Istanbul II

6.17.2010



To continue on from yesterday's post, some more notes from Istanbul:

  • The Grand Bazaar, with over 4000 shops, is the epicenter of the city in many ways. You can buy anything here - from clothes to jewellery to spices to power tools - and rub elbows with locals and tourists. (Very little deodorant on sale - this would make the metro rides a little more bearable).
  • Topkapi Palace is a sprawling collection of buildings that are now mostly a museum. Some incredible items here, including an 86-carat diamond, various sultans' clothing from 1000+ years ago, and other surprises, including a sudden and spectacular view of the sea that comes out of nowhere.
  • Aya Sofia, the Blue Mosque, and Sultanahmet are also impressive. Depending on the conquering forces at the time, Aya Sofia, from its origins in 360(!) has been a cathedral, a mosque, and a museum (as it is today). The sense of history and of just imagining the people and events that have occurred over 1600 years is pretty awe-inspiring.
  • The Princes Islands are a decent day trip, with ferry rides to any number of them leaving all parts of the city. Just be prepared for masses of people, particularly at day's end (not for you claustrophobics). They are hilly, and without cars, so getting around by foot, bike or horse-drawn cart (and get ready to jump out of the way!) are the only way to navigate.
Overall, there's not a lot of witty or insightful stuff to say about Istanbul. Glad (and fortunate) to have seen it? Absolutely. Will I hurry back? Not likely. While it's a place that easily fills up the memory card on the camera, it doesn't do the same for the heart.

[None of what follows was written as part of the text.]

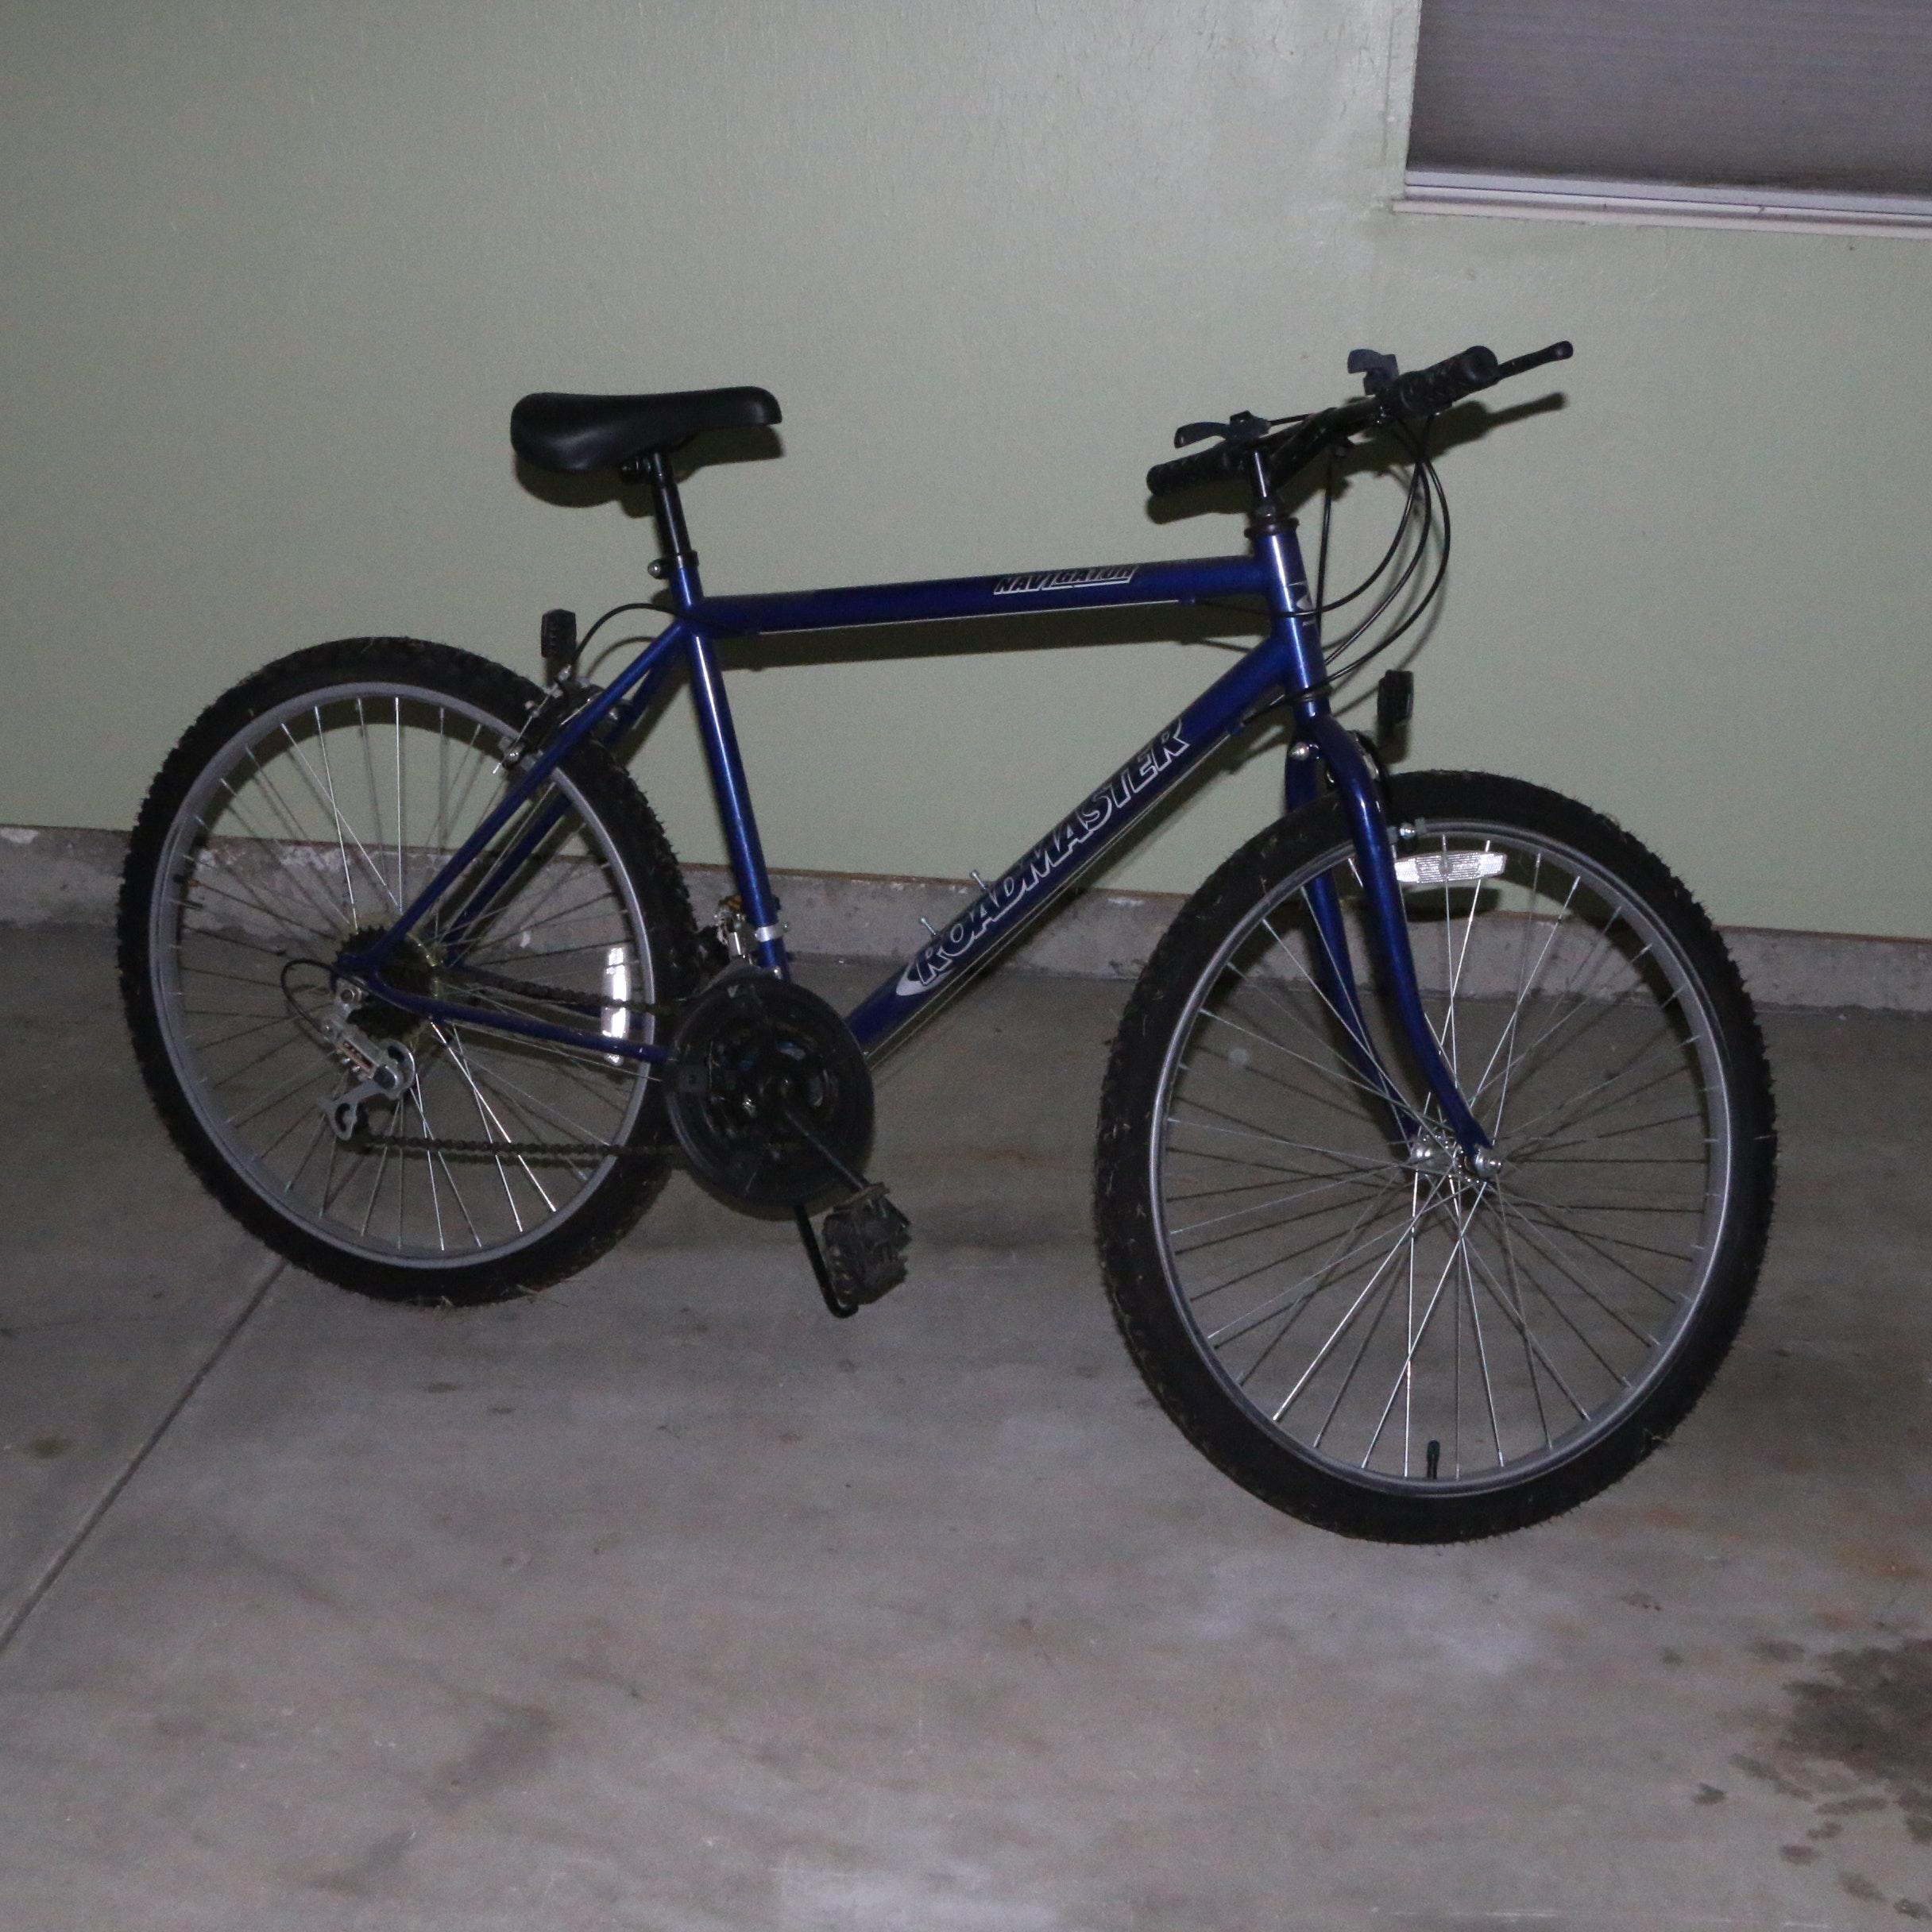 Roadmaster NaviGATOR Mountain Bicycle

Typical plates of mezes, appetizers


The ferry towards the Princes Islands

One of the bars lining the Galata Bridge

The view from Topkapi Palace

Heybeliada, one of the Princes Islands

A walk in the woods on Heybeliada

The main mode of transport on Heybeliada


One of the other Princes Islands

Well-fed young Turk


Brisk business, selling balik ekmek

Balik ekmek

Fishing off the Galata Bridge

Ahh





2 comments:

melissa evanson said...

I'm kinda sad to read about your experience. But I guess like most places, the heart of a country is rarely found in it's metropolitan centres.

Jeff said...

It wasn't all bad, not at all. Just less enjoyable with all the rip-offage.